An optimized correlation function estimator for galaxy surveys
Abstract
Measuring the two-point correlation function of the galaxies in the Universe gives access
to the underlying dark matter distribution, which is related to cosmological parameters
and to the physics of the primordial Universe. The estimation of the correlation function
for current galaxy surveys makes use of the Landy-Szalay estimator, which is supposed to
reach minimal variance. This is only true, however, for a vanishing correlation function.

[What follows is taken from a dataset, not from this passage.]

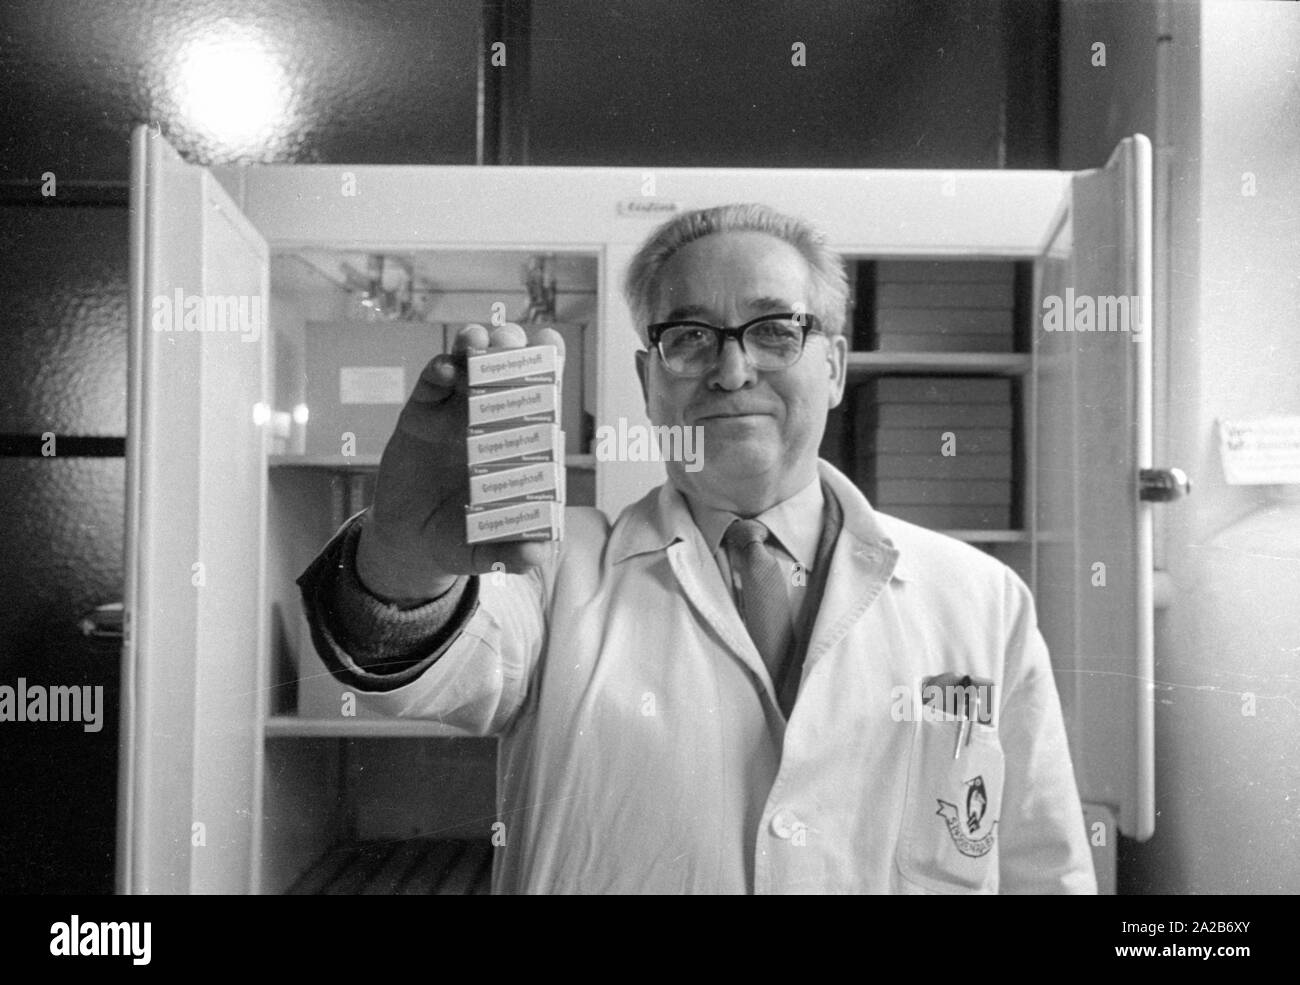 Immunisierung Aktion in Konstanz mit einem neu entwickelten Grippeimpfstoff der Ravensberg Chemische Fabrik, ein Angestellter mit den neuen Impfstoff. Um 1960 Ausschüsse empfohlen, die Impfung gegen Influenza Viren zum ersten Mal in der Bundesrepublik Deutschland. Stockfoto

We study the Landy-Szalay estimator when these conditions are not fulfilled and propose a
new estimator that provides the smallest variance for a given survey geometry. Our
estimator is a linear combination of ratios between pair counts of data and/or random
catalogues (DD, RR, and DR). The optimal combination for a given geometry is determined by
using lognormal mock catalogues. The resulting estimator is biased in a model-dependent
way, but we propose a simple iterative procedure for obtaining an unbiased
model-independent estimator. Our method can be easily applied to any dataset and requires
few extra mock catalogues compared to the standard Landy-Szalay analysis. Using various
sets of simulated data (lognormal, second-order LPT, and N-body), we
obtain a 20–25% gain on the error bars on the two-point correlation function for the SDSS
geometry and ΛCDM correlation function. When applied to SDSS data (DR7 and DR9), we
achieve a similar gain on the correlation functions, which translates into a 10–15%
improvement over the estimation of the densities of matter Ωm and dark energy
ΩΛ in an open ΛCDM model. The constraints derived from DR7 data with our
estimator are similar to those obtained with the DR9 data and the Landy-Szalay estimator,
which covers a volume twice as large and has a density that is three times higher.